Its good to be back MT and time to kick your *** (politicaly). Alright first off Gov Bush told everyone that he would do everything in his power to do get terri out of there. He did not live up to his word he should have sent someone in to get her and if not y? Next on the agenda... Alright MT please tell me what would you like to happen if you were Terri? Aparrently they were giving her morphine to dull the pain of hunger... I thought that they said there was no pain? Alright third, if her husband didnt love her anymore then y did he want to keep her and starve her? Thats a sick S.O.B. he will burn in hell for that.

BTW, 
MT you have full permission to quote me, im sure you will anyways


----------



## Militant_Tiger

Rookie, to begin with tell us a bit about yourself. What do you do with your time? What rock do you duck under to miss so many of the facts floating around?

He (gov Bush) did everything in his power to "help" the woman. When the law stopped him, he stopped. The man would be insane to break the law for a personal case.

If I was Therisa Schiavo I would like nothing more than to die. The sheer idea of being in a state where you may understand some of the things around you and not having any way to interact with them is nightmarishand I would far prefer death than living in such a state.

As to morphine, it was just security. If by chance the part of her brain which recieves pain was not as severely damaged as the rest of it we wanted to be sure that she was able to pass in peace.
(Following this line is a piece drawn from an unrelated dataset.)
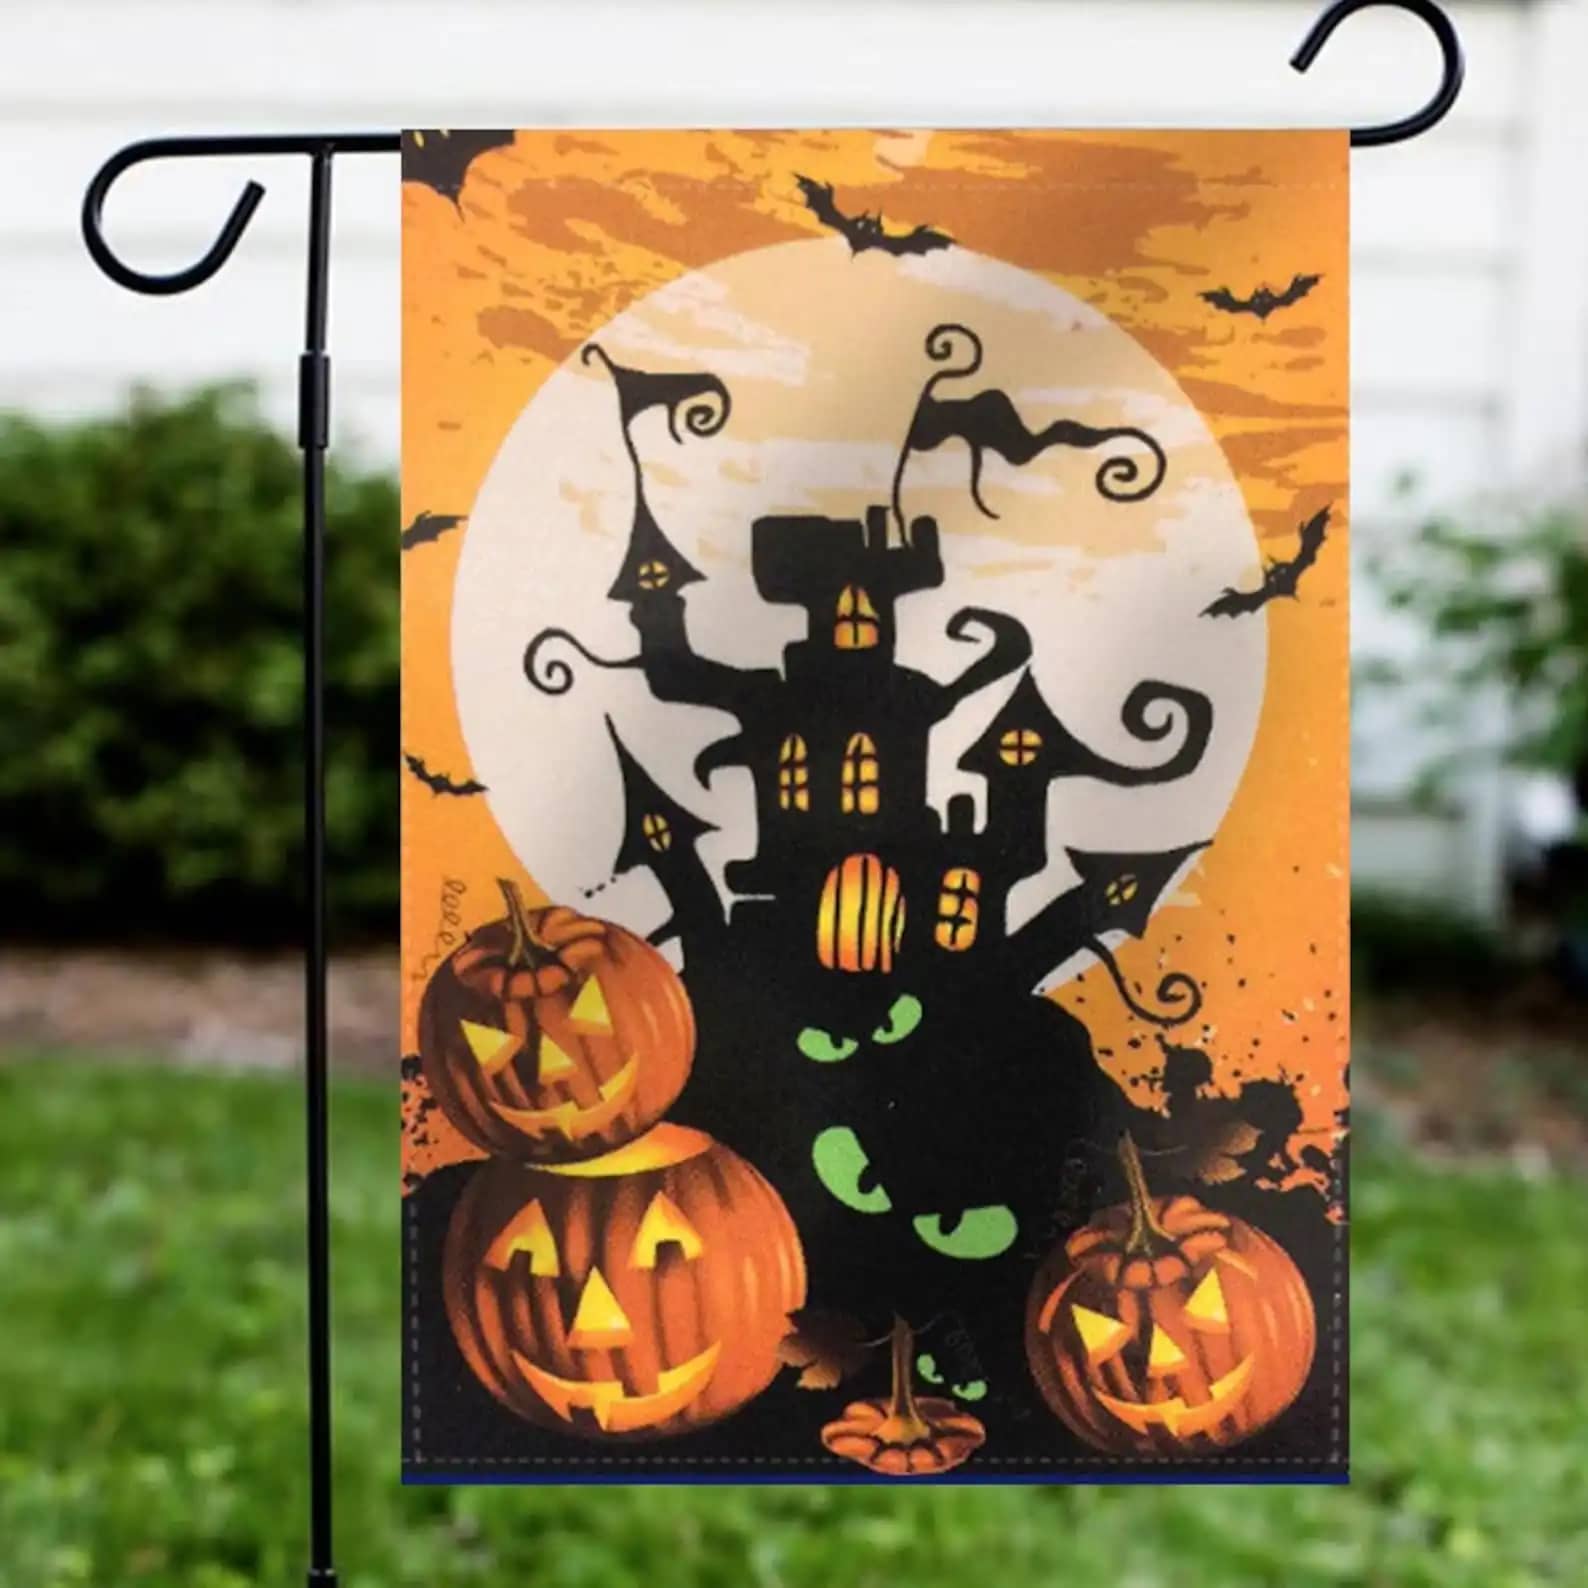 The Castle Halloween Pumpkins Aglow Come See The Show Happy Halloween Decoration Garden Flag

Michael Schiavo still loved his wife until the very end. For the past 15 years however the woman has been a shell of her former self, simply a bodily form for a spirit which had already passed or worse yet was in limbo. Mr. Schaivo let his wife have her wish of death because he loved her. He could have easily just handed her over to her parents and told them to take care of it, he however did not. He wanted to carry out his beloved wife's wishes no matter how long it took.
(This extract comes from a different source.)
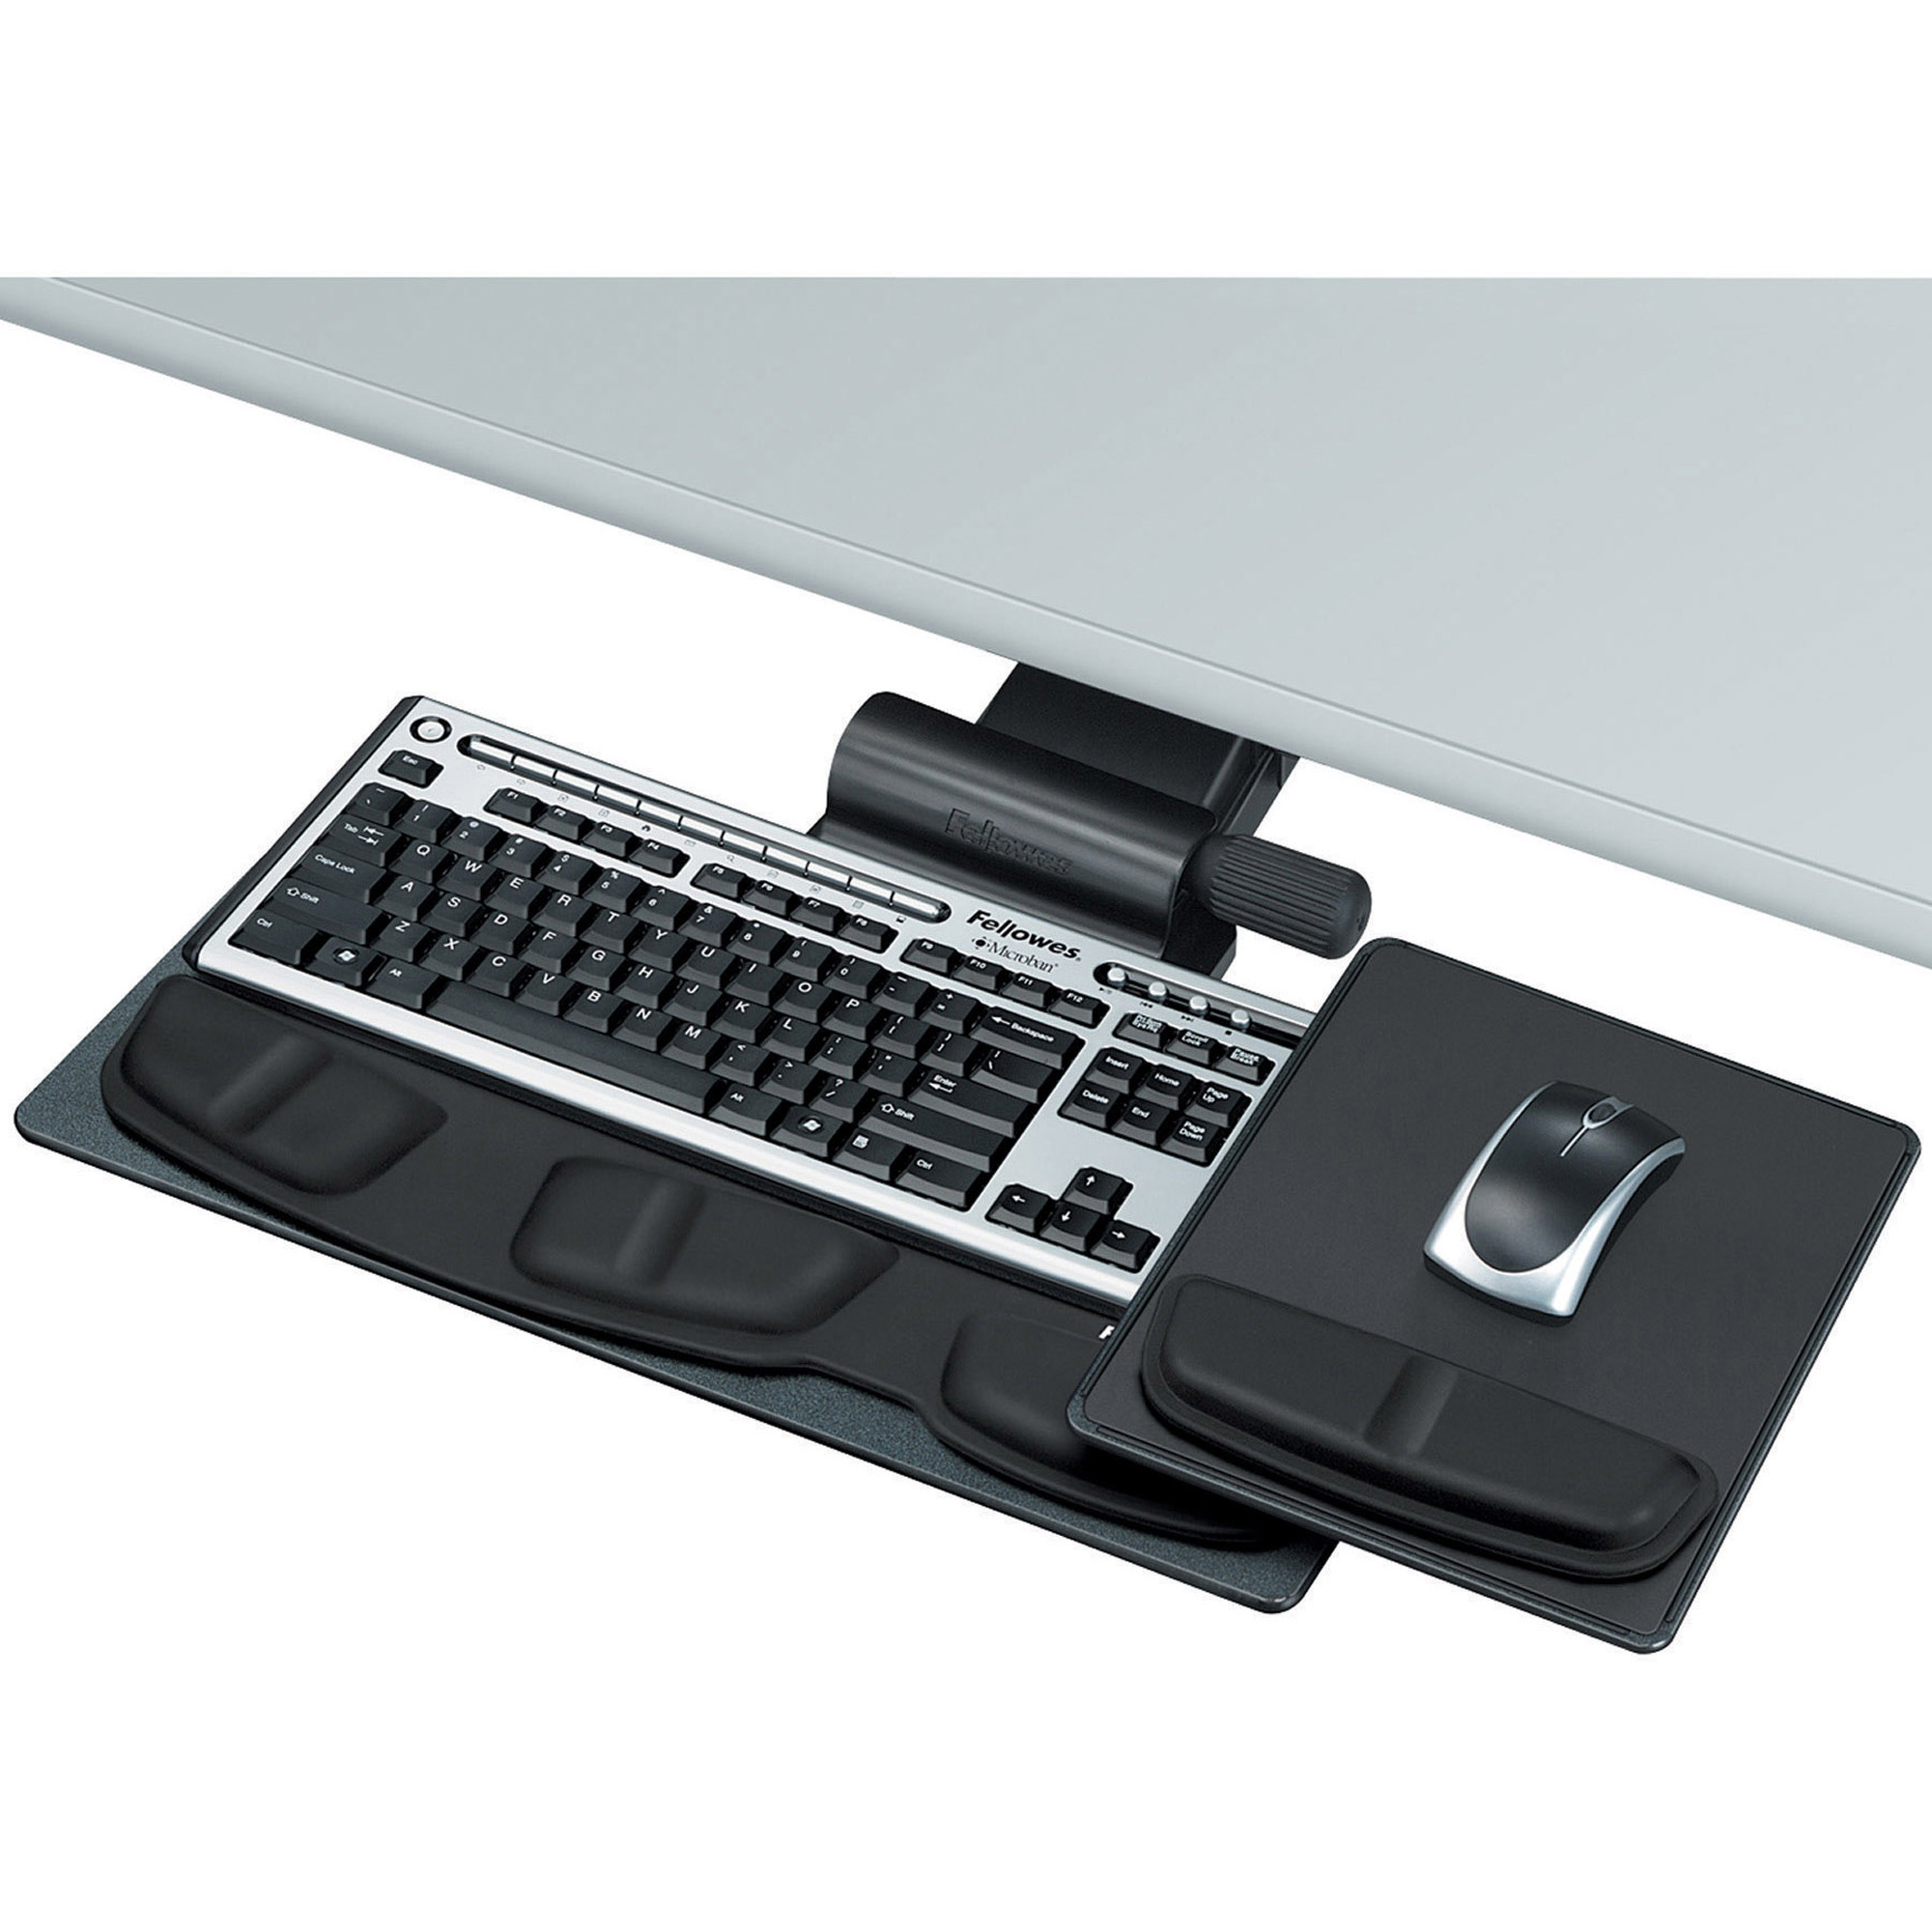 Fellowes Professional Series Premier Keyboard Tray, Black - image 2 of 3

As to your belief that he is damned for taking the actions that he did, I do not think so. He set a spirit free, her wish was done. I do believe however that there will be a political hell for all of those extremists who showed their true colors during this case. The case of Therisa Schiavo may hurt the conservatives more than any other.


----------



## the_rookie

Well MT most of the people here can rightfully say that we would let them pull the plug on you case we LOVE you


----------



## Storm

Tiger I find it interesting that in your post you stated that Terri's spirit was already gone, and then at the end you say that Terri's loving (*ha, ha*) husband released her spirit. So which was it, was her spirit there or not? For some reason you seem to think that a persons soul leaves while they are still alive. This is completely wrong. Every living person will have a soul for eternanty. Once their mortal life has ended then their soul will depart. Terri's mortal life didn't end until shortly after she took her last breath. The unborn have a soul, handicapped people have souls, elderly have a soul. It doesn't matter if that person is in a vegatative state or not. I have pointed this out to you before, but will go over this again for all the other people who are reading this. A person who is in a comma for a period of time doesn't lose there soul for that time and then it returns. The facts of this case have been very clear. Terri's husband had an agenda and that was to kill Terri who was a burden to him and his common law wife who he had two children with, also he had been in a long fued with Terri's family and what better way to get back at them then to kill their daughter. This was especially evident when he kicked out Terri's brother and sister from her bedside right before she died (sick). The only evidence that Terri wanted to be starved to death was hear say evidence from her husband that wanted her dead. What makes this case such a joke is that a court of law would never allow hear say evidence on a murder trail. Yet this is exactly what was going on. This was a murder trial to save Terri's life, and some horrible judges allowed Terri to be murdered by a husband and lawyer that had an agenda.


----------



## Plainsman

MT wrote:


> *we *wanted to be sure that she was able to pass in peace.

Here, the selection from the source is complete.